==== DATA BELOW

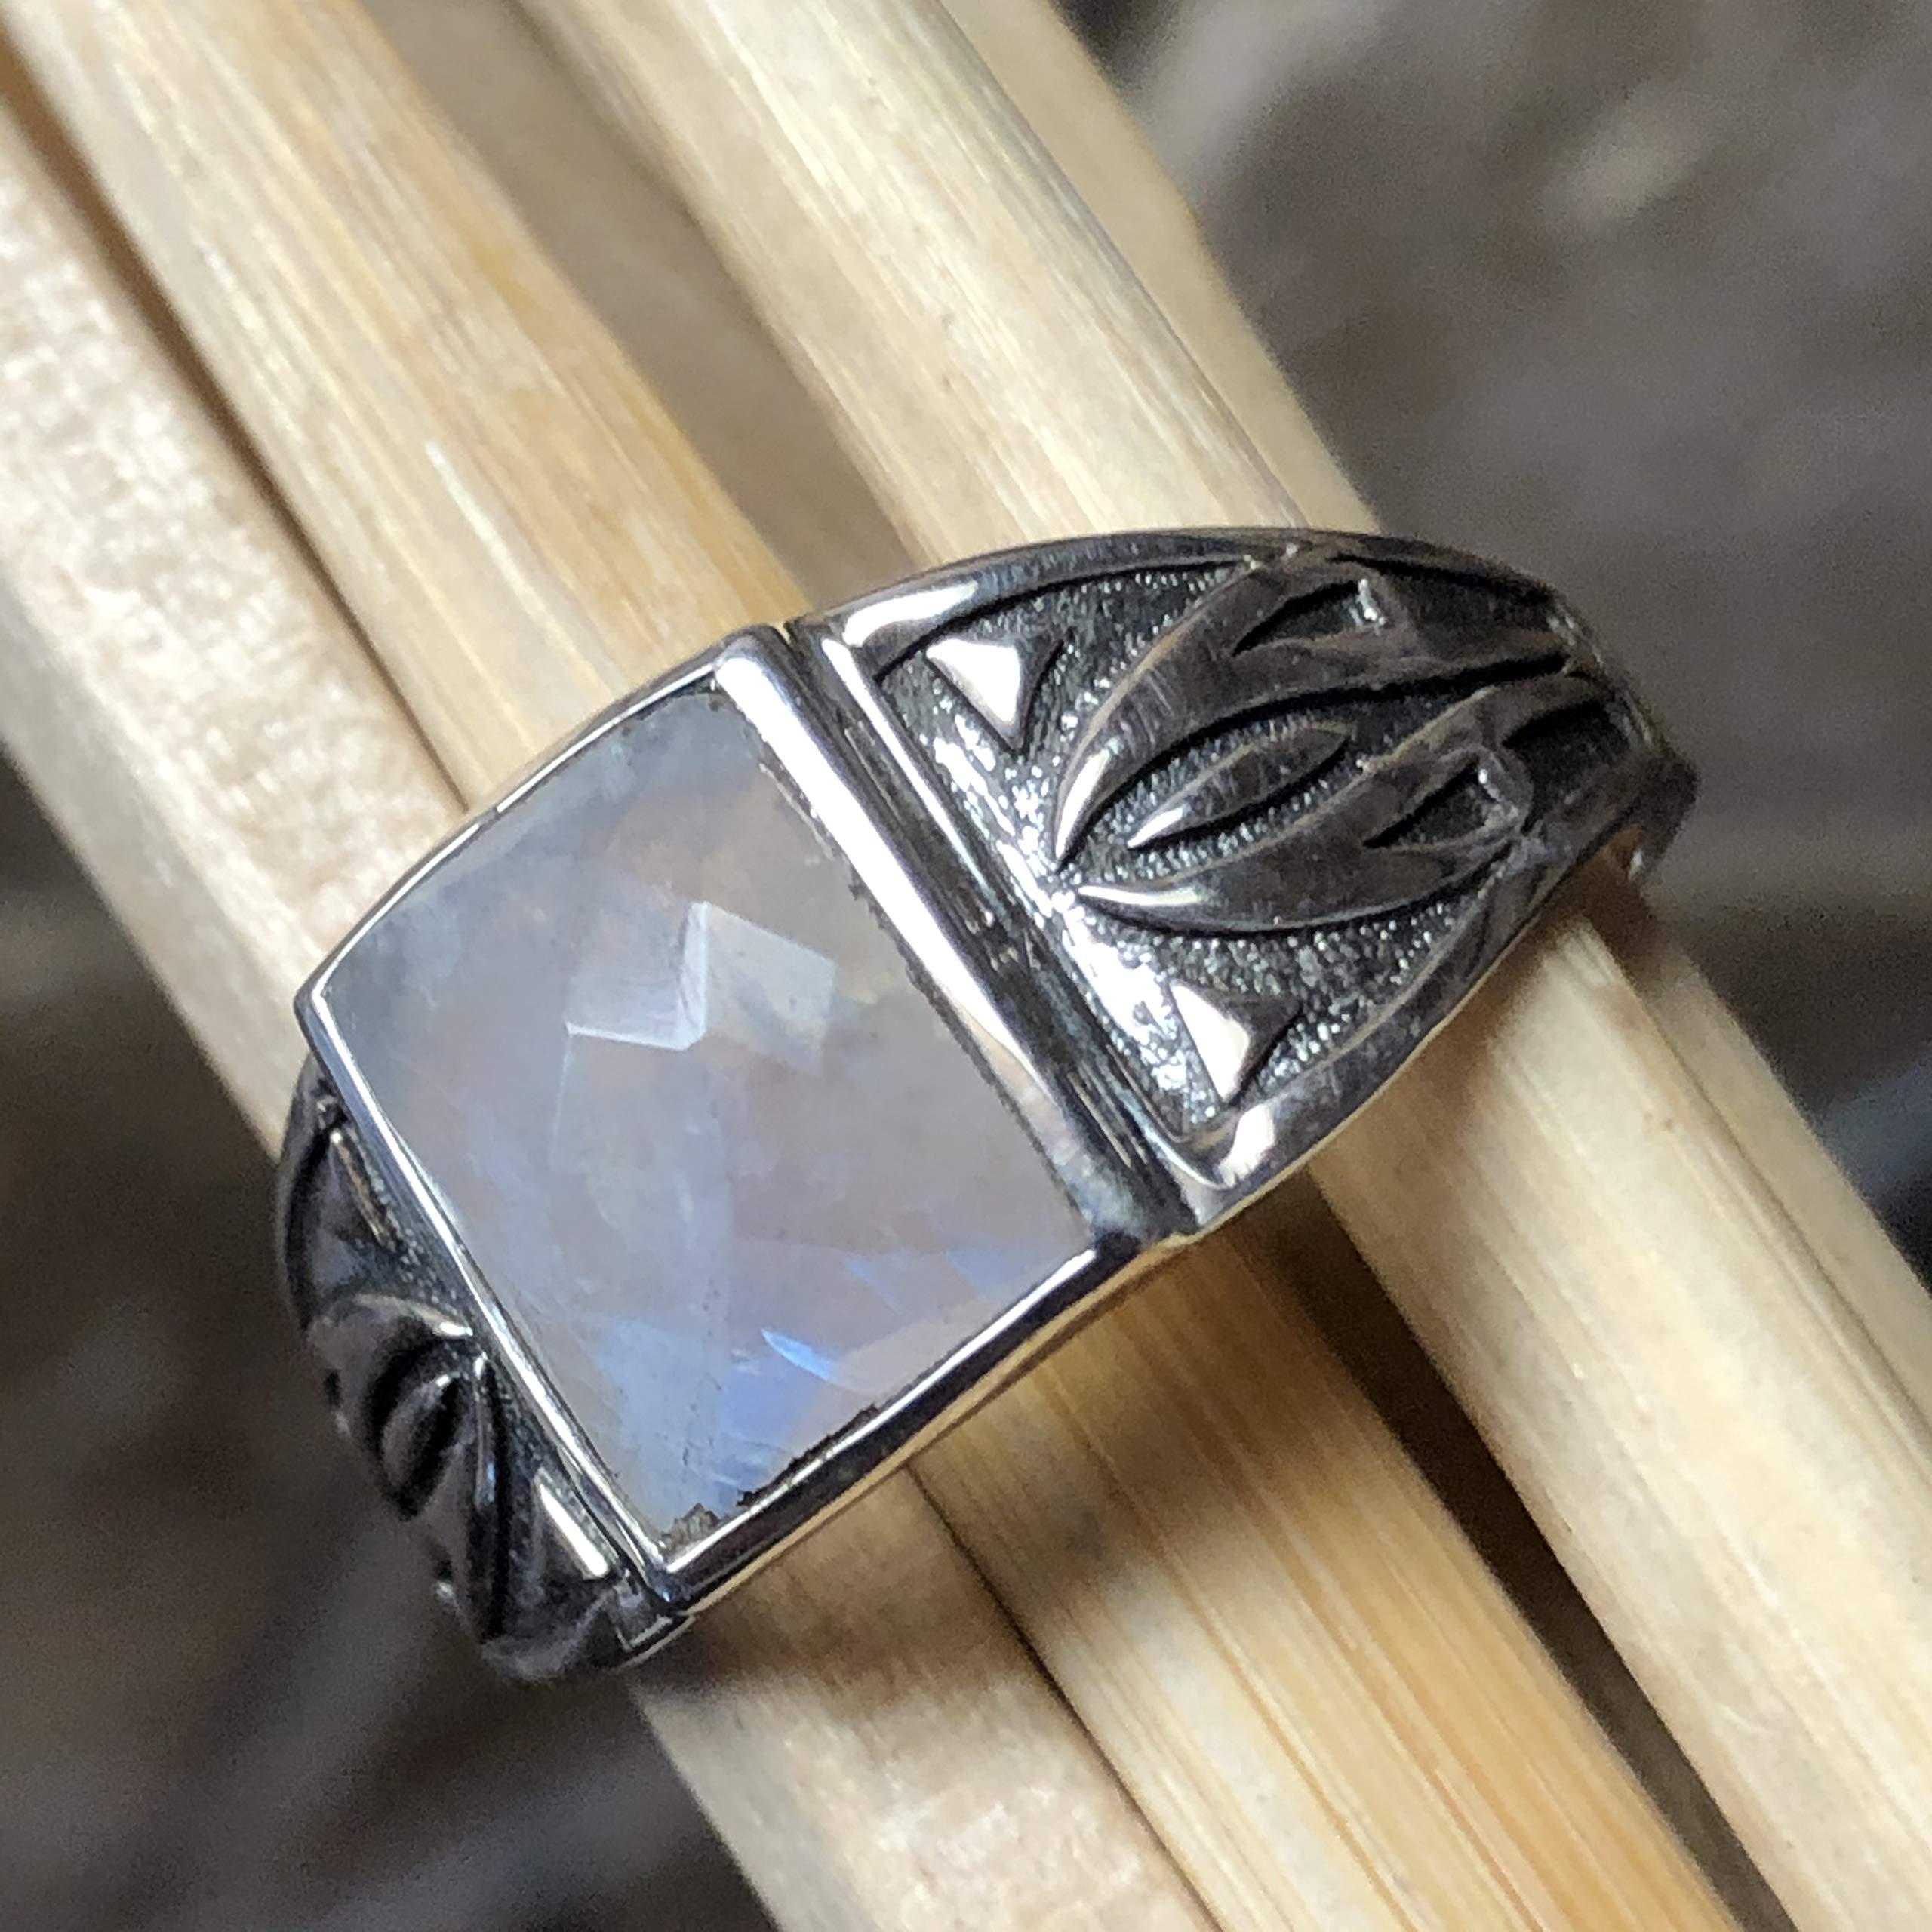 Natural Rainbow Moonstone 925 Solid Sterling Silver Men's Ring Size 7, 8, 9, 10, 11, 12 - Natural Rocks by Kala
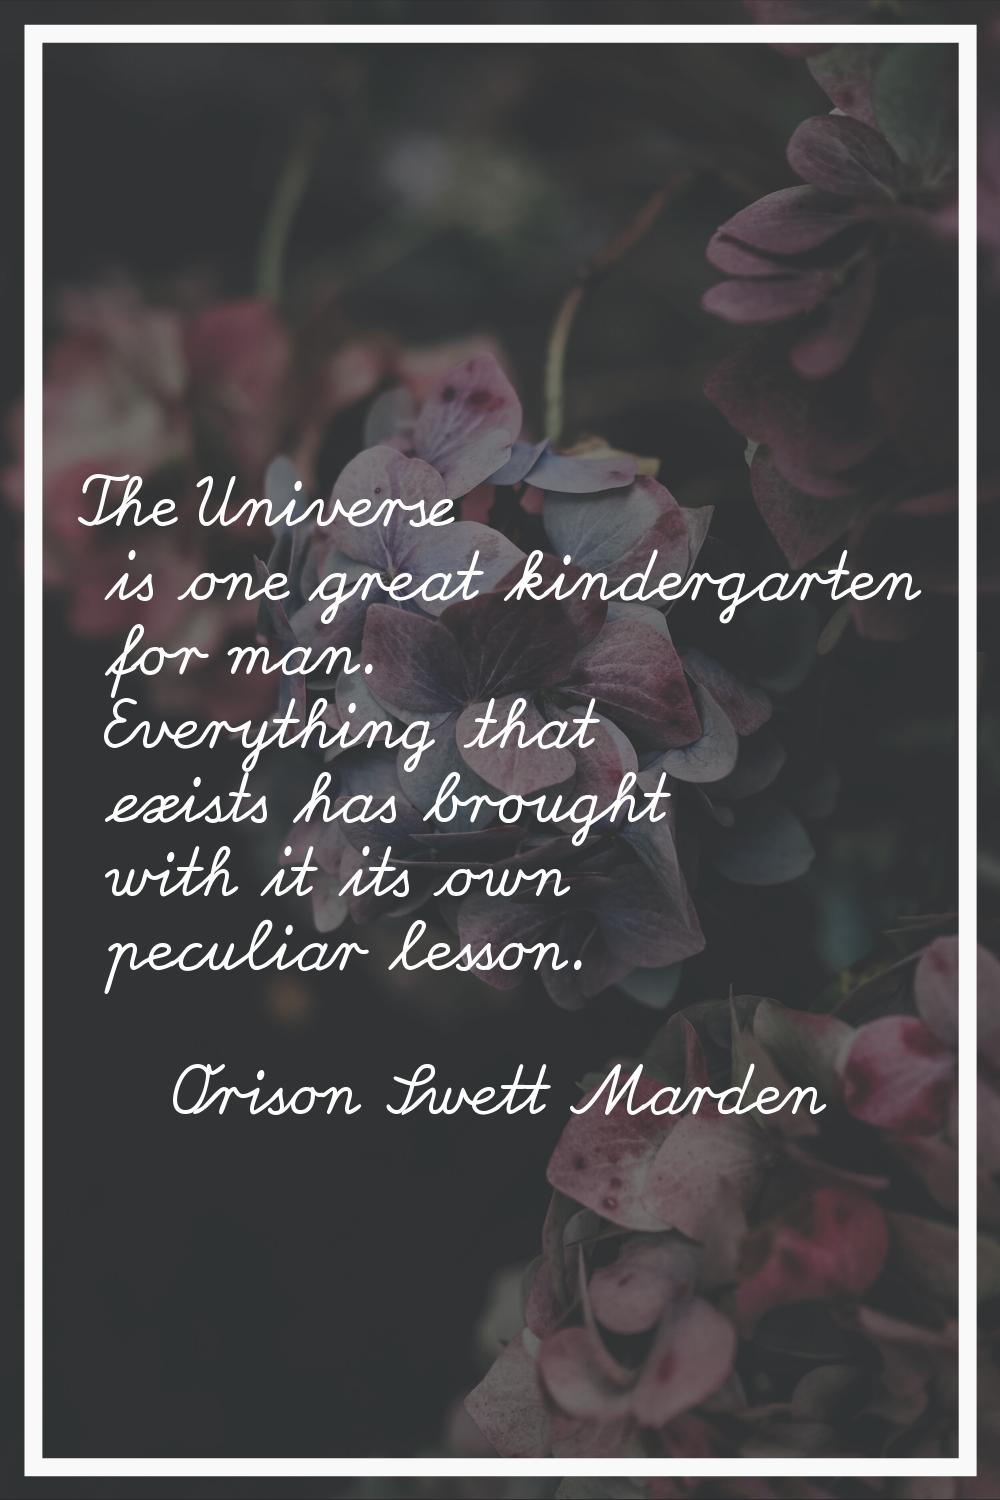 The Universe is one great kindergarten for man. Everything that exists has brought with it its own 
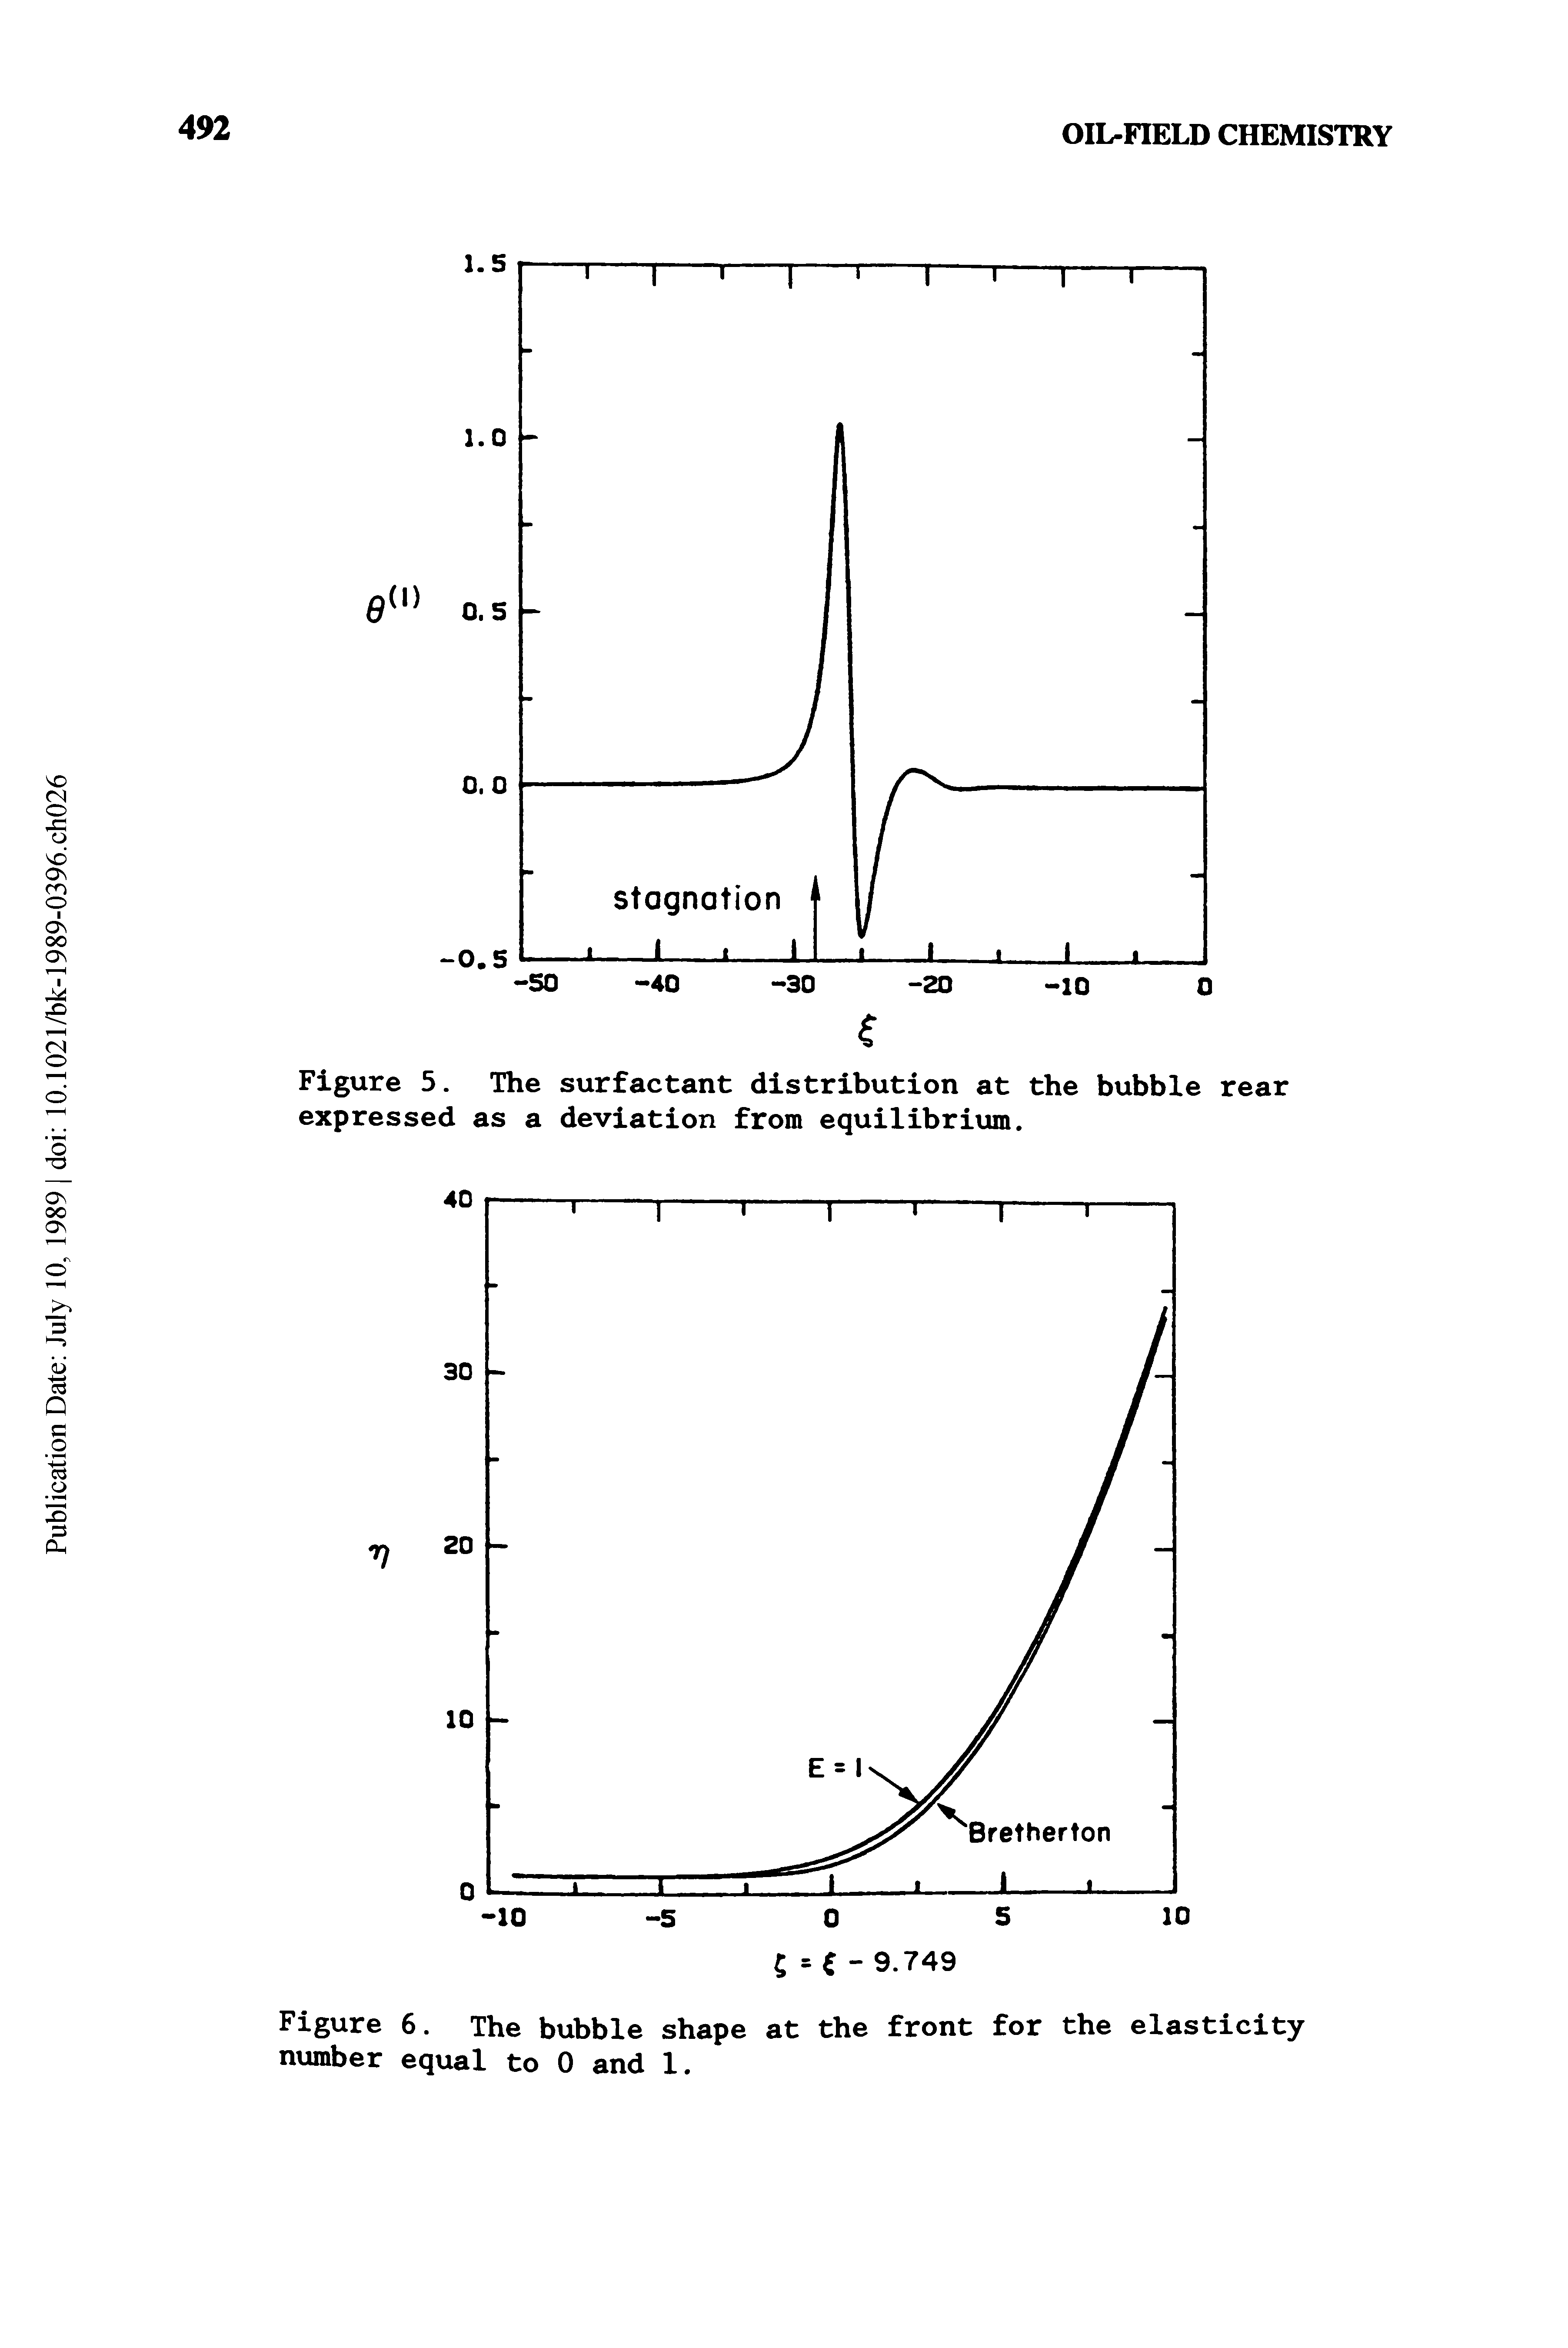 Figure 5. The surfactant distribution at the bubble rear expressed as a deviation from equilibrium.

========

## ACTIVITY
Print out the material verbatim, skipping pictures.

## TASK ANSWER
 Natural Rainbow Moonstone 925 Solid Sterling Silver Men's Ring Size 7, 8, 9, 10, 11, 12 - Natural Rocks by Kala
 The Universe is one great kindergarten for man. Everything that exists has brought with it its own 
 Figure 5. The surfactant distribution at the bubble rear expressed as a deviation from equilibrium.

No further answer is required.